Но в этой версии избиением дело не кончилось.
Тут были крупные планы деревянных палок, ударяющих по головам, кожи., рвущейся и заворачивающейся от краев ран, паводок крови, вырывающийся из ноздри, глаз, разбитый в бесформенную массу посреди вздувшихся тканей, брызги выломанных зубов будто щепы слоновой кости на темном бархате. Внизу финальной страницы Птица и Браун свернулись на земле — словно загнанные и убитые ради шкур звери, плавающие в растекающейся луже крови.
Запекшаяся кровь была дана плотной штриховкой и выглядела блестящей, почти мокрой. Тревор не помнил, чтобы он так рисовал.
Дом и то, что жило здесь, что бы оно там ни было, покрыло его замысел пеленой кошмара, загипнотизировало его руку, испортило его сюжет. Или не испортило?

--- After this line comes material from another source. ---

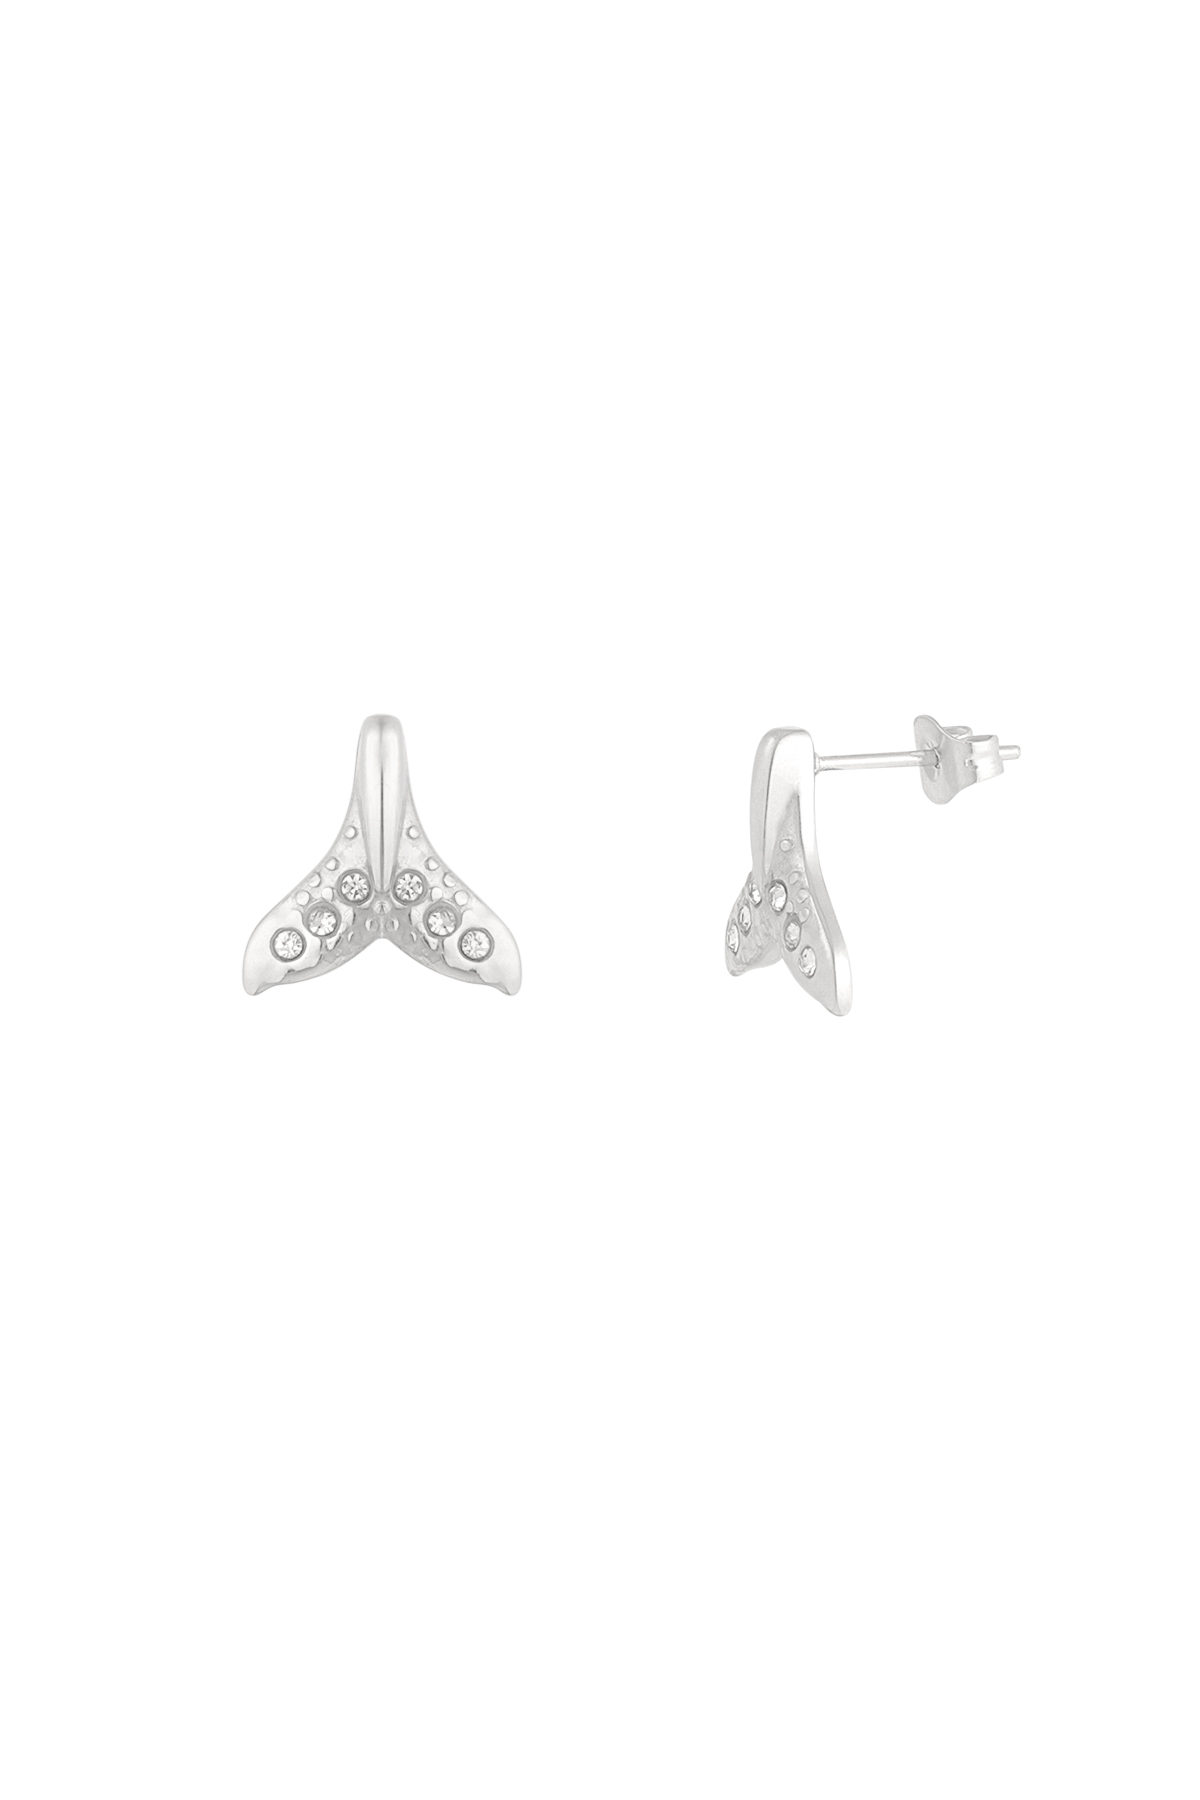 Earrings whale tail - silver

Правдивая история, которую собирался рассказать Тревор, должна была воздействовать исподволь. Возможно, перед ним нечто более броское, более странное и в конечном итоге — гораздо более запоминающееся. Он вообразил себе финал этой версии. Копы осознают, что убили музыкантов, и тайком исчезают, решив, что смогут списать убийство на разборки между ниггерами. Но чего долго не мог понять белый человек: бедность не означает глупость. Черные люди Джексона способны прочесть смерть своих героев как горькую книгу, переплетенную в темную кожу, которая написана пролитой из ненависти кровью.

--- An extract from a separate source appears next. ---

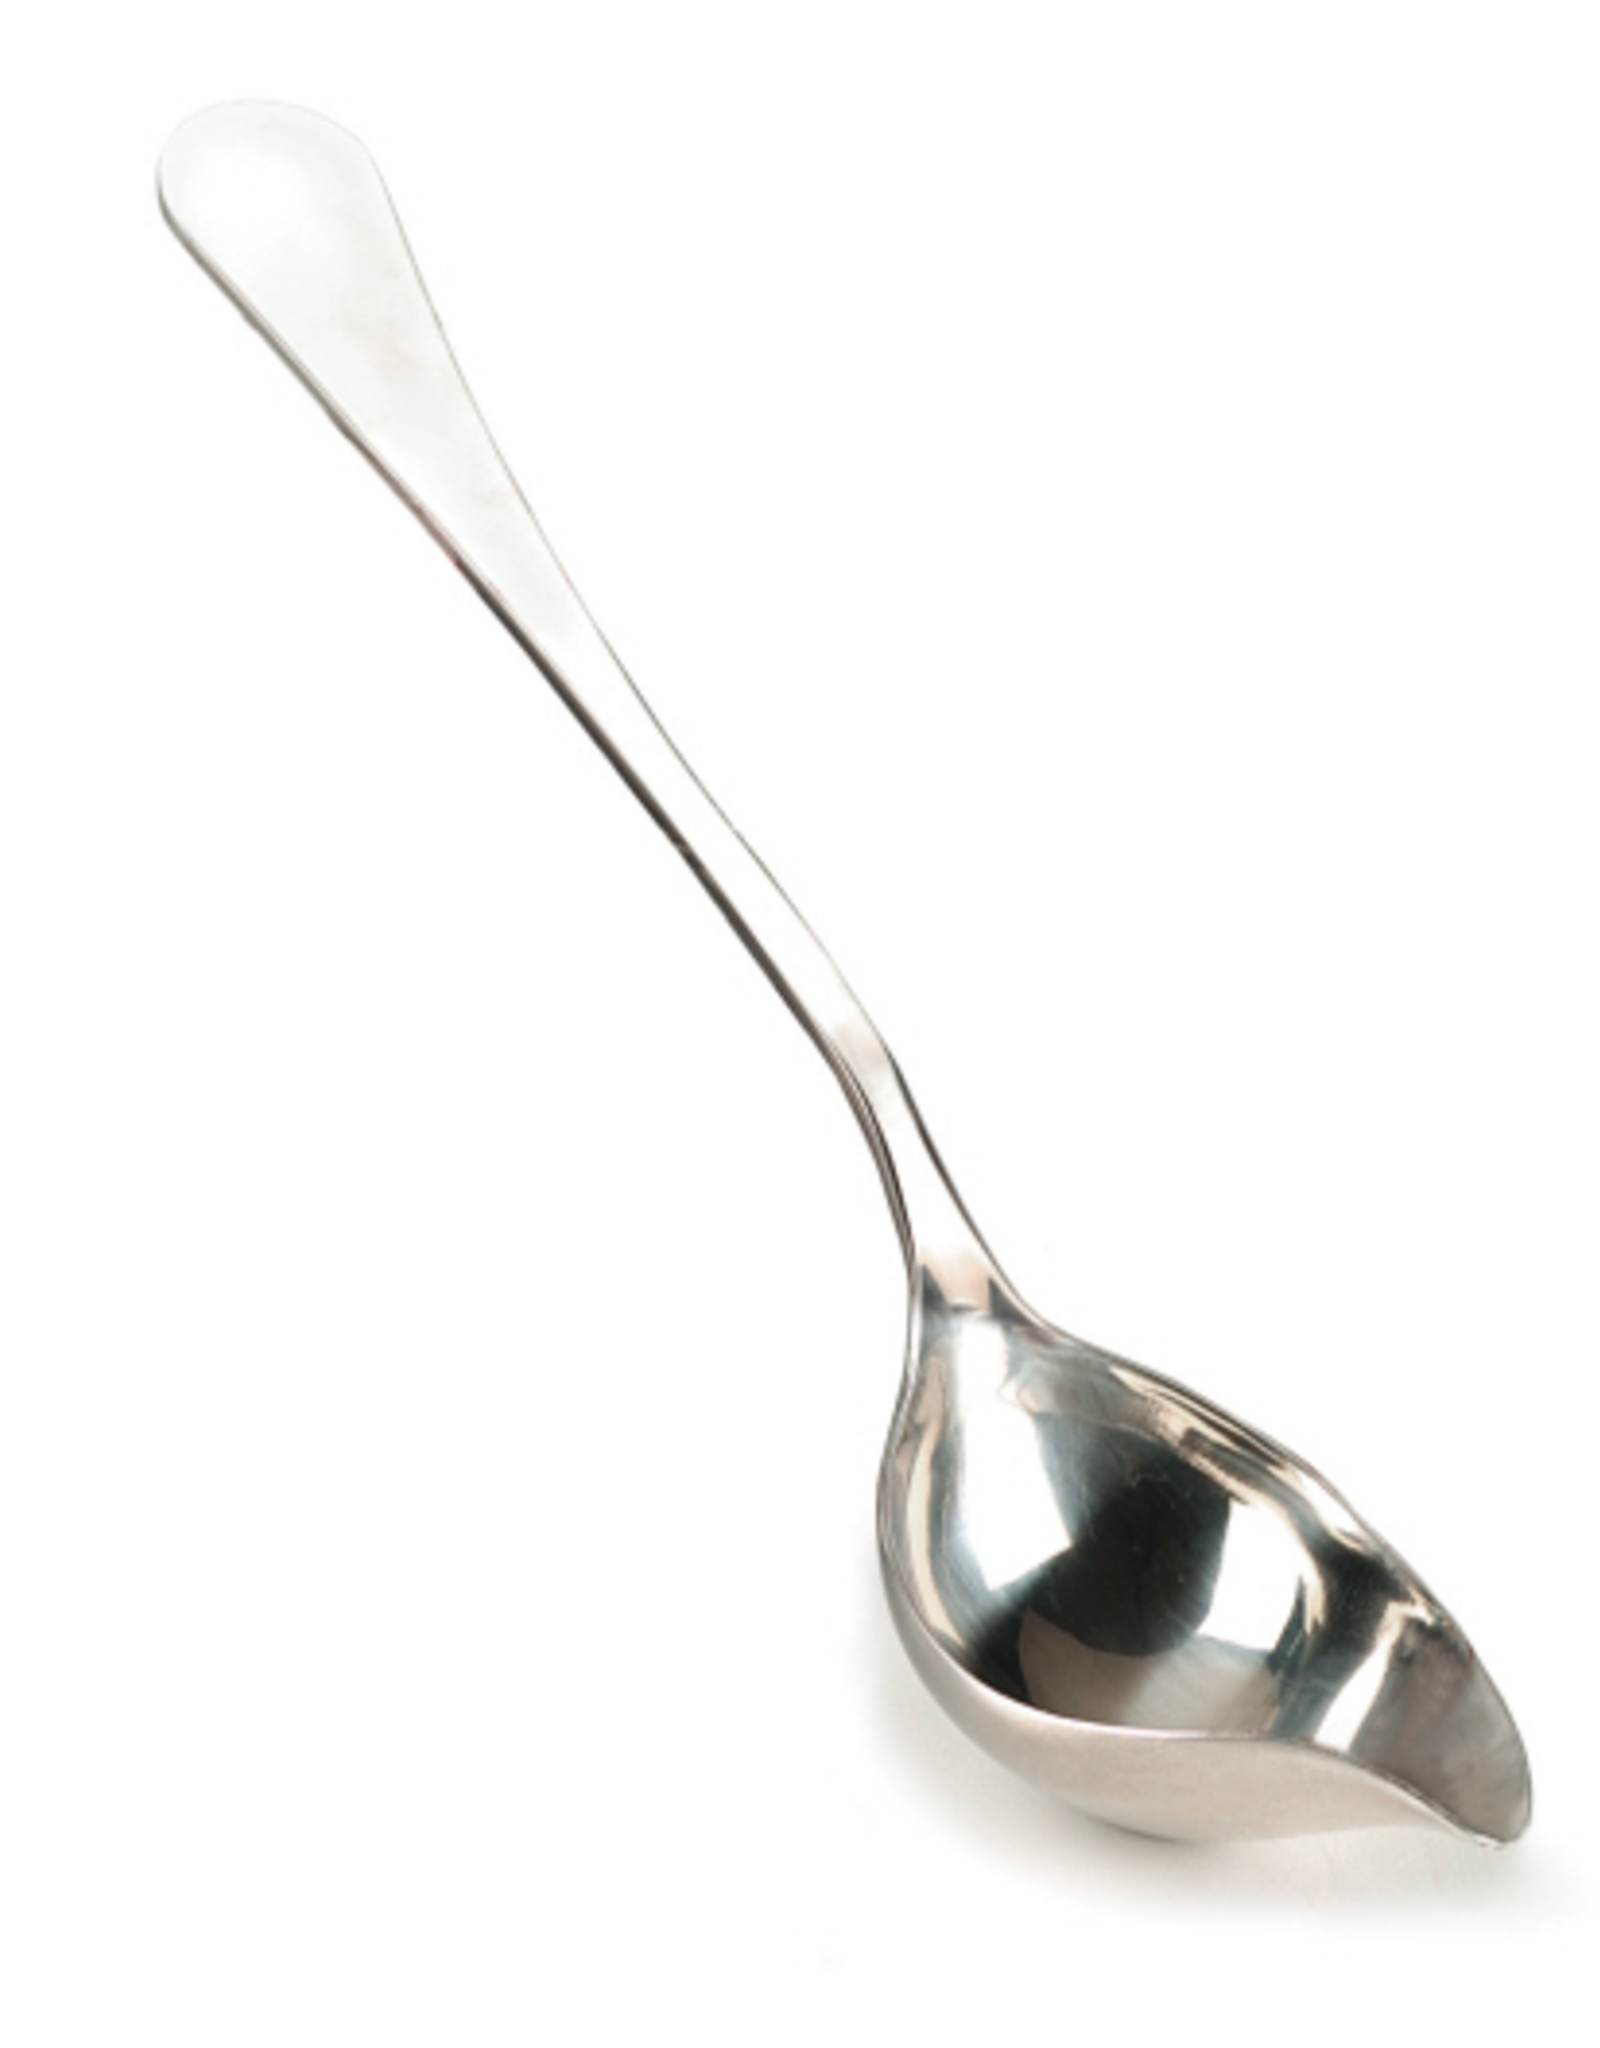 Drizzle Spoon

Джексон не так уж далеко от Нового Орлеана, колыбели мрачных религий и знания трав из Африки, с Гаити, из сердца луизианских болот… И у знания свои пути…
Тревор представил себе, как вновь встают тела Птицы и Брауна — нечетко видя раздавленными глазами, туго соображая растоптанными мозгами. Это будут пустые оболочки, лишенные музыки, лишенные жизни. Но, как всякие порядочные зомби, они отыщут своих убийц. И они будут не одиноки…
Перед его внутренним взором возник полностраничный финальный кадр. Копы распяты в огне посреди газонов у собственных домов. Прибиты к крестам в огненном аду. Их почерневшие вопящие силуэты отчетливо видны на фоне насыщенной текстуры пламени. Это вполне в духе прямолинейных моралистичных «ЭС Комикс». Но он не станет делать заливок чернилами; он сделает его исключительно в карандаше — с тщательными тенями, штриховкой и гравировкой пунктиром, и это будет красиво. Он продаст этот убойный рассказ, пошлет его туда, где его смогут должным образом напечатать. В «Кам» или в «Таbоо». Он любил «Таbоо», нерегулярно выходящую антологию прекрасно прорисованных, с любовью напечатанных странных и извращенных комиксов, где черно-белые в основном истории перемежались несколькими страницами цветных — изысканных, броских и выбивающих из колеи. Все — от картин с увечьями Джо Коулмена до многочисленных замысловатых соавторских работ Алана Мура появлялось на ее страницах, напечатанных на отличной тяжелой бумаге.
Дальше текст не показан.